Members of the Board of Directors receive a fixed fee for their activities which is determined by the Board of Directors.

The Board of Directors may also agree to pay appropriate compensation to individual members for special services rendered.

C. Auditors

§ 18

The General Meeting must elect auditors pursuant to Art. 727b SCO. The auditors are elected for one-year terms of office; re-election is permitted.

The remit of the auditors and their independence are governed by Art. 727 et seq. SCO.

IV. Annual financial statements and appropriation of profit

§ 19

The accounts and annual financial statements are closed on 31 December every year.

§ 20

The balance sheet profit is placed at the free disposal of the General Meeting, subject to the statutory provisions.

§ 21

The dividend is paid out after the annual financial statements have been approved by the General Meeting.

Dividends unclaimed within 5 years after the due date accrue to the statutory reserve fund.

§ 22

In addition to the statutory general reserve fund, the General Meeting may also resolve to set up and write back voluntary reserves.

V. Winding up and liquidation

§ 23

A decision to wind up and liquidate the company requires the consent of at least two-thirds of the represented share votes as well as the absolute majority of the represented nominal share values.

§ 24

The provisions of the Swiss Code of Obligations apply to the liquidation procedure. The liquidators are entitled to sell the assets of the company by private contract.

VI. Organ of publication

§ 25

The organ of publication is the Swiss Commercial Gazette.
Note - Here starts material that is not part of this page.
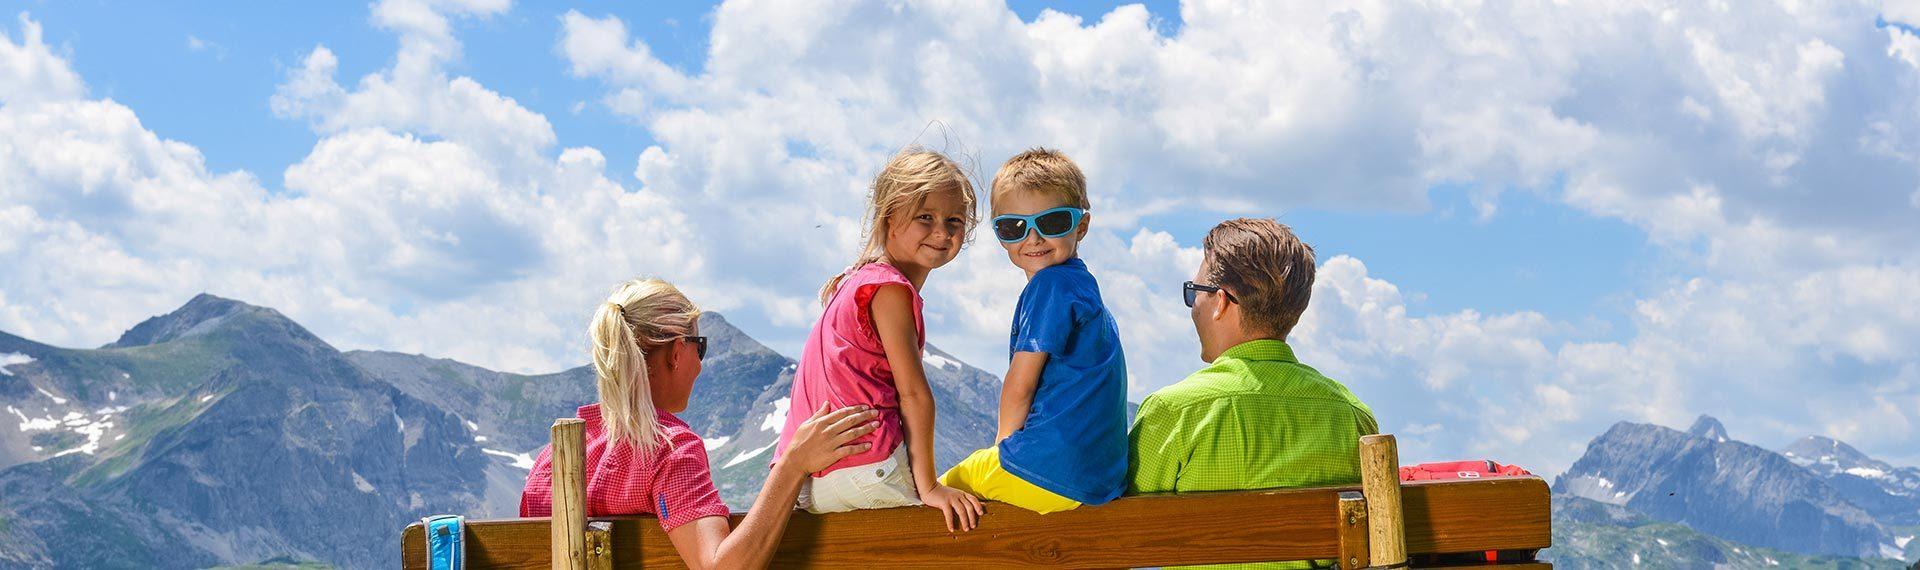 Sommerurlaub in Obertauern, Salzburger Land

Communications are sent to registered shareholders to the addresses recorded in the share ledger.

VII. Transitional provision

§ 26

According to the merger agreement of 18 March 2004, the company acquires as defined in Art. 748 of the Swiss Code of Obligations all corporate assets of Tuxedo Invest AG, Zug, with assets in the amount of CHF 93,273,284.00 and liabilities in the amount of CHF 31,823,284.00 pursuant to the merger balance sheet as of 5 May 2004. As consideration for the net book value of CHF 61,450,000.00 and in exchange for their 1,629,953 registered shares at par value of CHF 0.10, Tuxedo Invest AG’s shareholders receive 1,629,953 fully paid-up bearer shares in Kardex AG, Zurich, at a par value of CHF 14.24.